13/12/2019 – News / Machinery / Germany / VDMA / Export
VDMA: German machinery manufacturers see no growth impetus from foreign trade
The country’s industry body, VDMA, says that while exports in the first nine months of 2019 remain positive at 0.6 per cent, exports are down 1.1 per cent in Q3 2019, with France a bright spot for German machinery exports.
A synchronised slowdown in the global economy, alongside increasing protectionism and trade conflicts, are leaving their marks on German machinery exports. According to the country’s Federal Statistical Office, machine deliveries in the first nine months of this year increased by 0.6 per cent (in nominal terms) compared to the same period of the previous year, to total €134.6 billion.
In the first quarter of 2019, exports grew 3.9 per cent compared to Q12018. In the second and third quarters of 2019, however, mechanical engineering companies recorded an export decline of 0.8 and 1.1 per cent respectively. “A trend reversal is not in sight for the time being. For months now, mechanical engineering companies have been recording declines in orders both at home and abroad,” said VDMA Chief Economist Dr Ralph Wiechers. “In this respect, it will be difficult to maintain the nominal increase in exports for 2019 as a whole.”
Growth momentum slows in exports to USA
Between January and September, exports to the United States – the number one destination for German machinery exporters – rose by 6.2 per cent to €15.02bn. The USA thus accounted for 11.2 per cent of total German machinery exports over that period. In Q3 2019, machine exports to the USA increased by 3.2 per cent. However, compared with the first half of 2019 (plus 7.8 per cent), the pace slowed noticeably.
Elsewhere, there was a change of sign for machine exports to China: from January to September, machine deliveries shrank by 0.7 per cent to €14.1bn. In the second quarter, exports were still up slightly by 0.1 per cent. China – the second most important single market for German machinery exporters – accounts for 10.5 per cent of the European country’s total machinery exports. “German machinery exports to the People's Republic are not immune to the weaker sales trend in mechanical engineering in China,” noted Dr Wiechers.
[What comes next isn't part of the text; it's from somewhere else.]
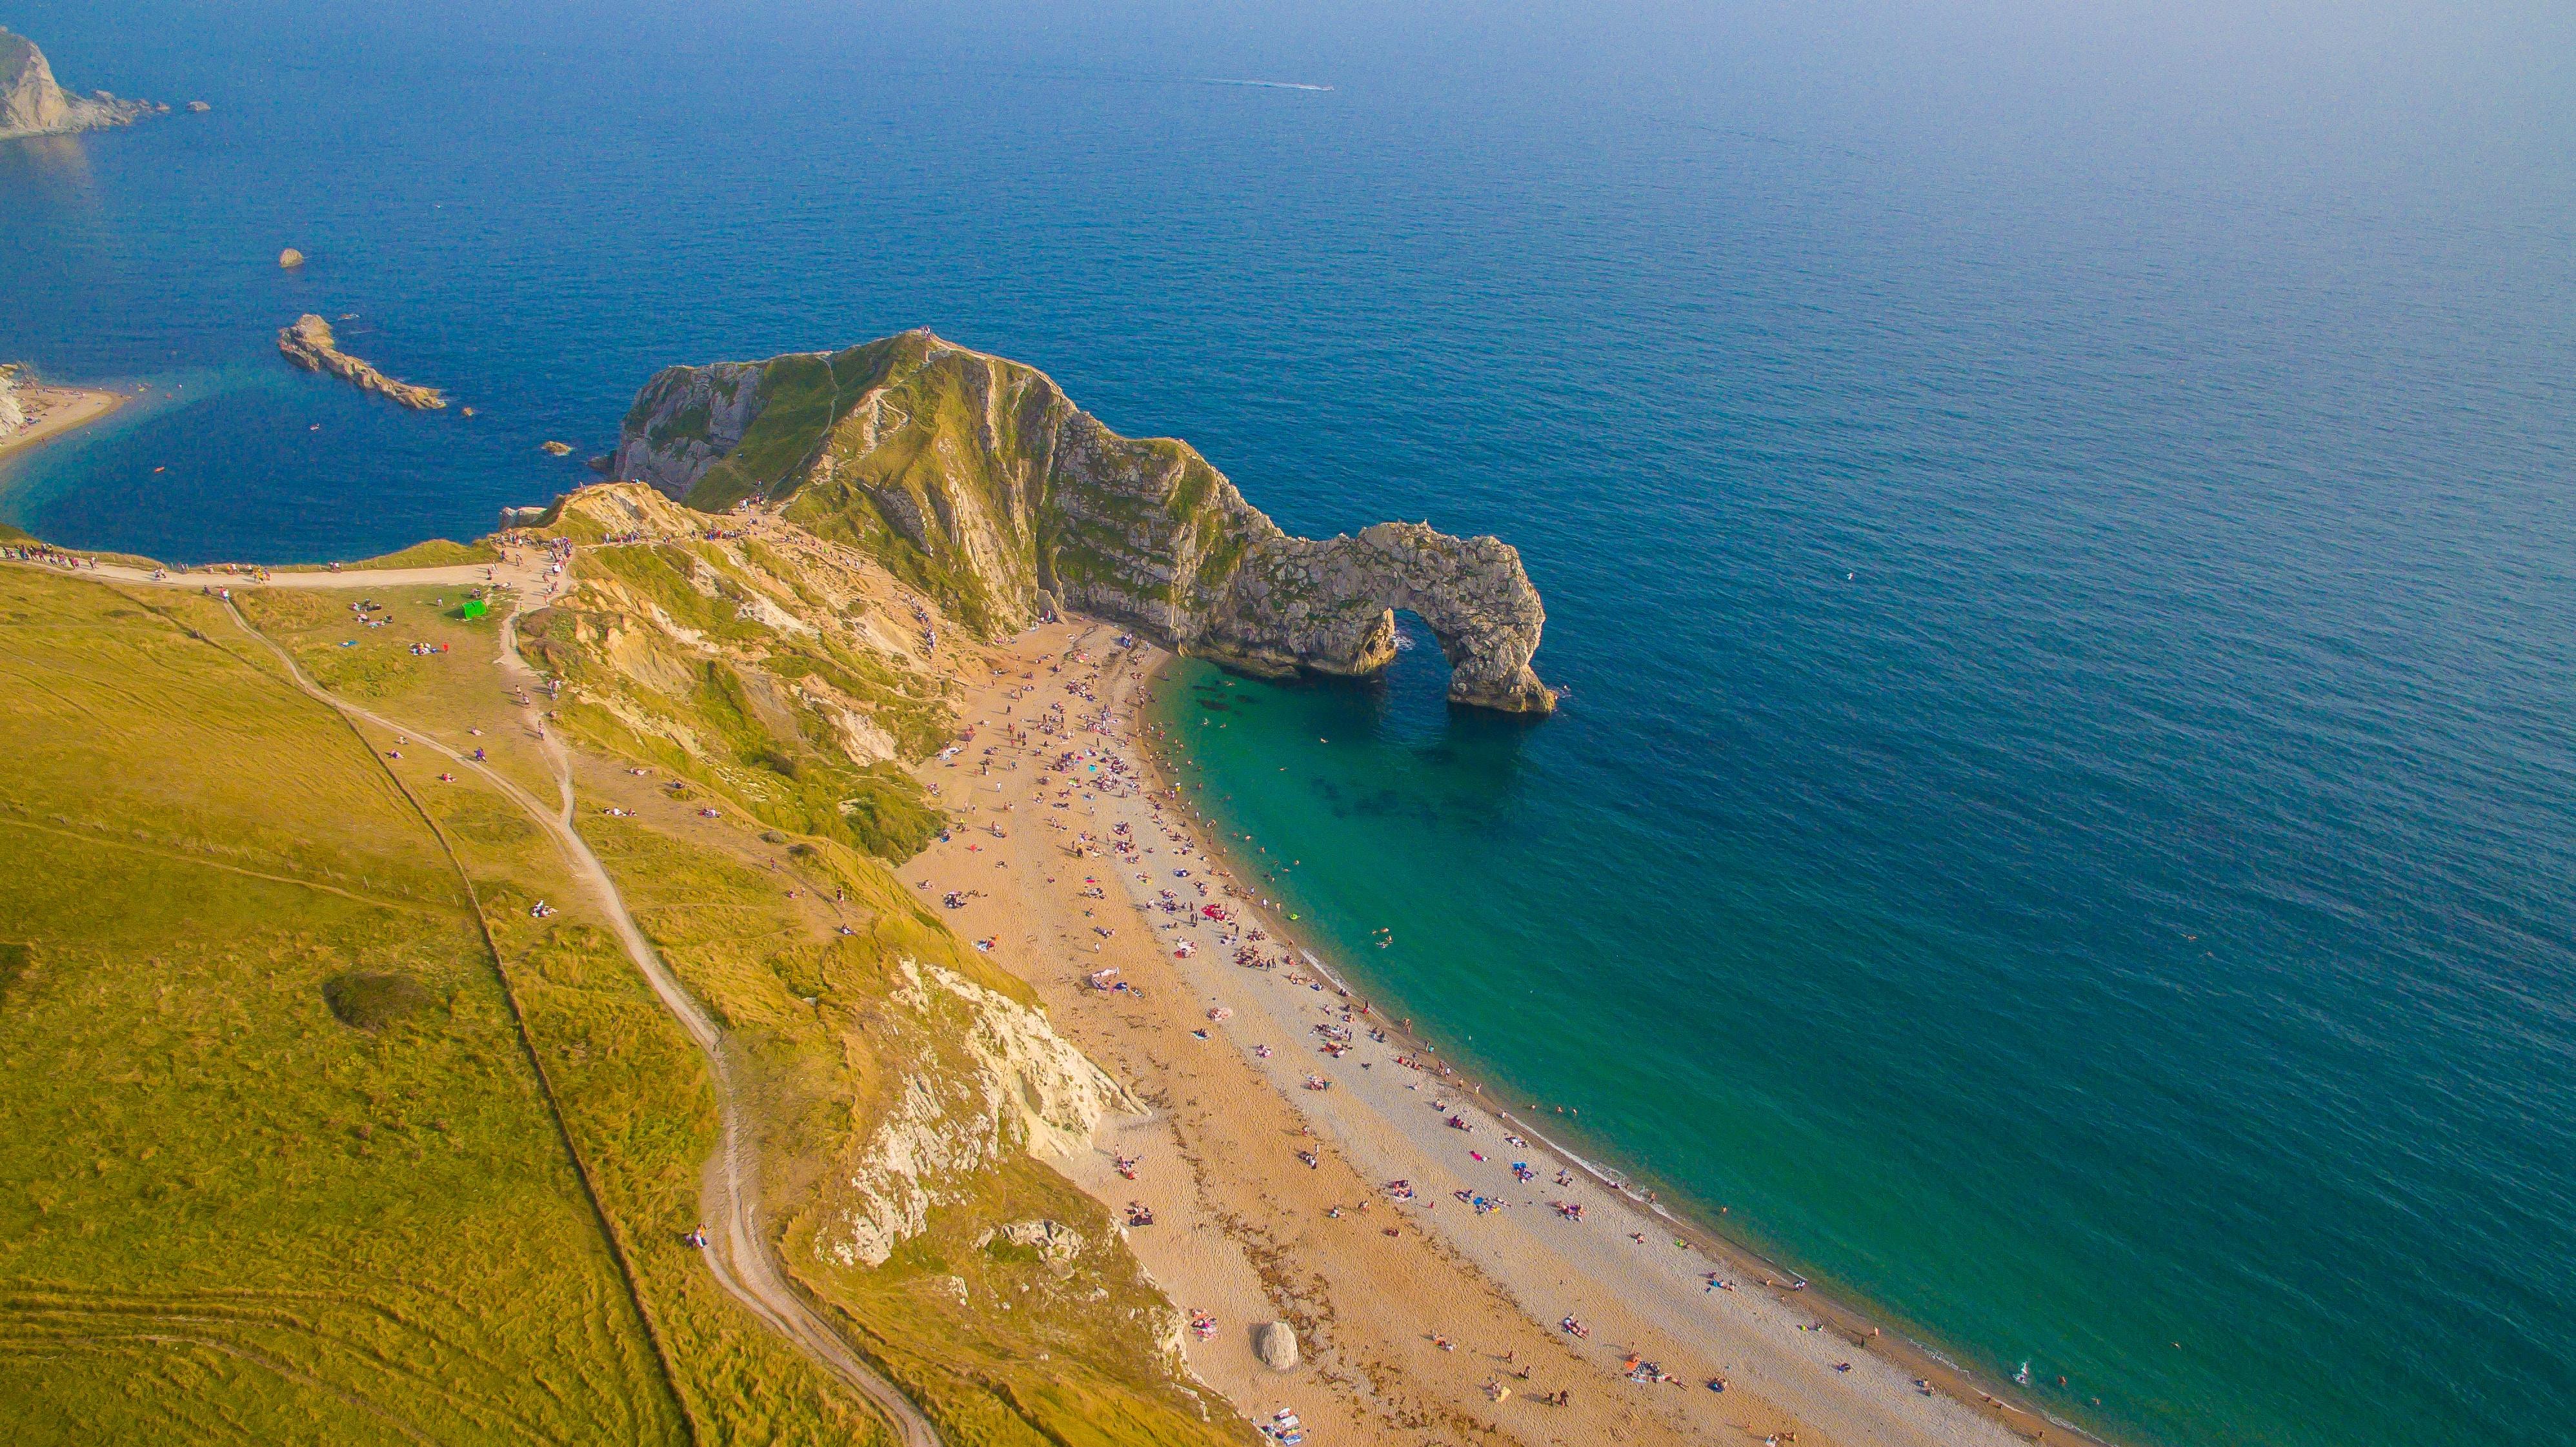 aerial photography of mountain near shore

France: Europe's new growth engine
Meanwhile, France has become ‘Europe's new growth engine’, according to the VDMA. Currently number three in the export ranking, France gave important impetus to German machinery exports within the context of European customer countries. Exports grew by 6.9 per cent to €9.38bn in the first nine months of 2019. “The robust investment in France – in particular by French companies – at the beginning of this year, is directly reflected in German machinery exports to France,” said Dr Wiechers.
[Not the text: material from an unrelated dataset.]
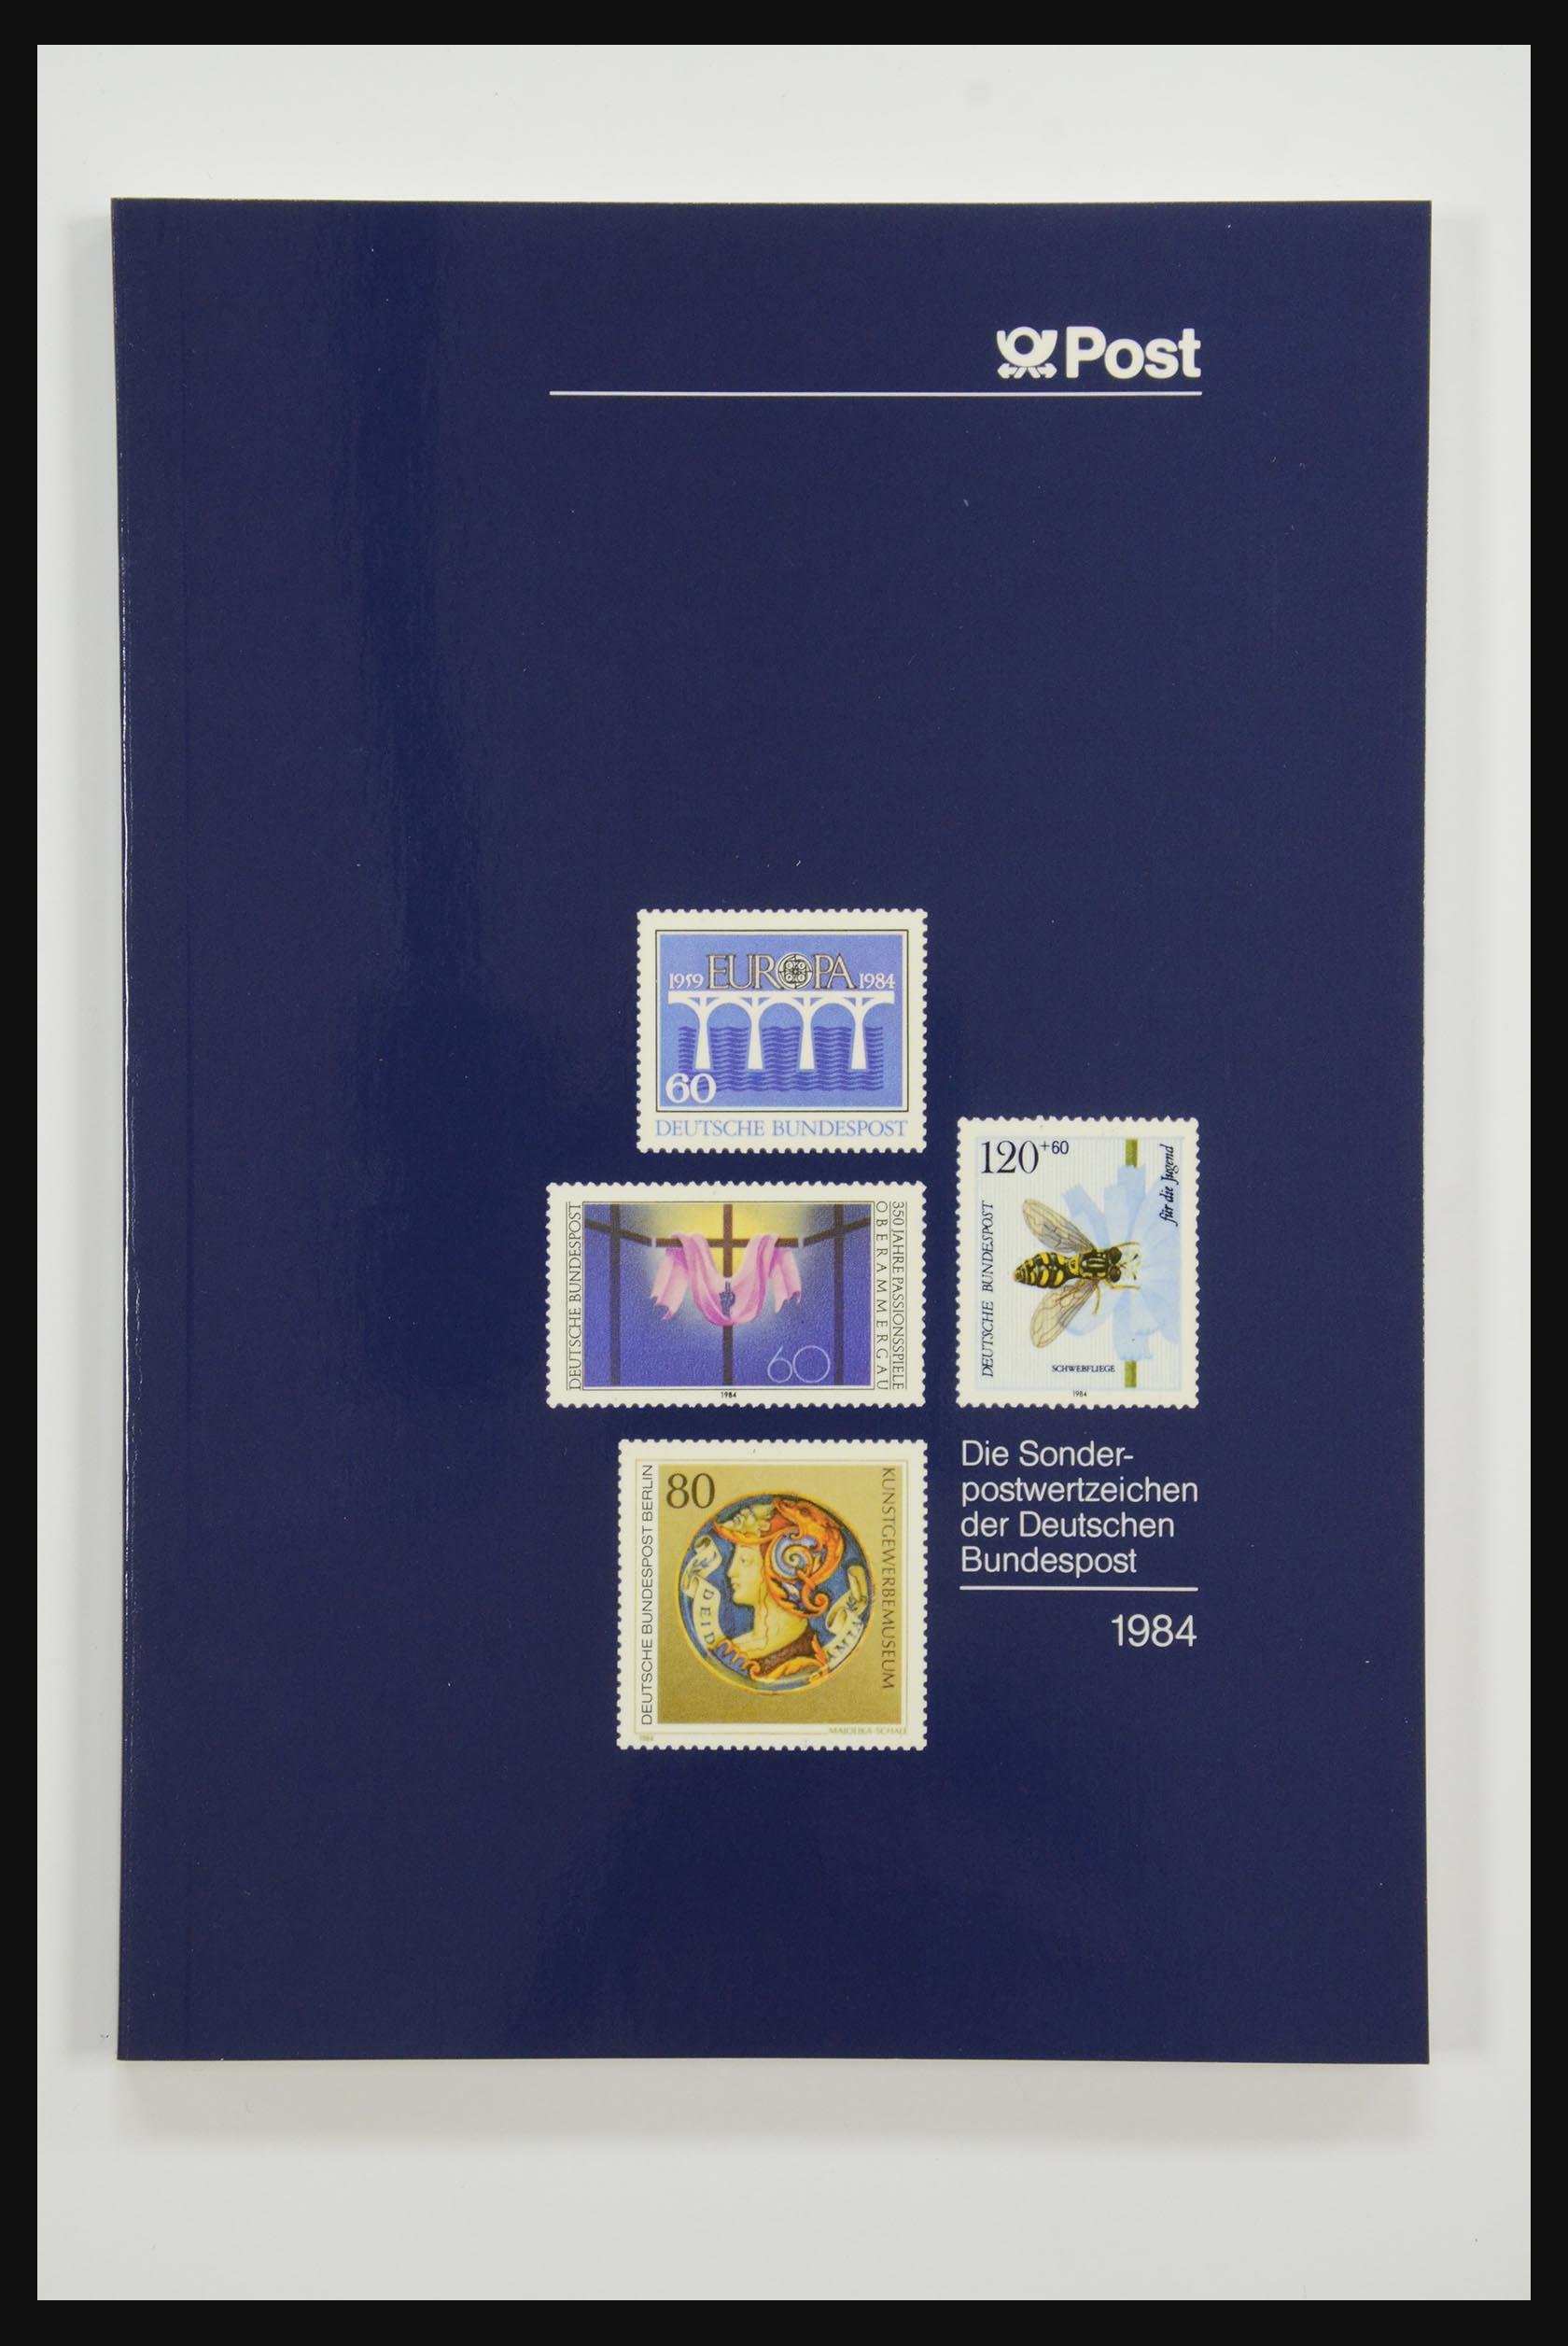 31834 012 - 31834 Bundespost yearbooks 1973(!)-1999.

“The economy in France is growing faster than the Euro Zone, and much stronger than Germany. President Macron's tax and labour reform is bearing fruit,” he added.
Exports to UK and Italy shrink amid uncertainty
However, the opposite can be seen in the United Kingdom. The political tug-of-war over the modalities of the Brexit had a significant negative impact on export business with the UK from the second quarter of 2019 onwards. From January to September, German mechanical engineering exporters recorded an export decline of 4.8 per cent to €5.66bn. This contrasts starkly with Q1 figures, with the industry recording a growth of 8.8 per cent in exports to the UK.
Politics also left its mark on machinery exports to Italy. Exports shrank in the first nine months of the year by 5.4 per cent to €6.03bn.
Total exports to the EU countries increased by 1.1 per cent to €64.6bn in the first nine months.
Positive developments in Russia and Japan
Business with Turkey remained difficult, with exports declining by 7.7 per cent (to €2.36bn). Likewise, business with Russia shrank in the first nine months by 3.6 per cent (to €4.03bn), although machinery exports actually grew by 7.0 per cent in Q3 2019.
Elsewhere, exports to Japan continued to develop positively, growing by an impressive 10.5 per cent to total €2.19bn over the first nine months of the year.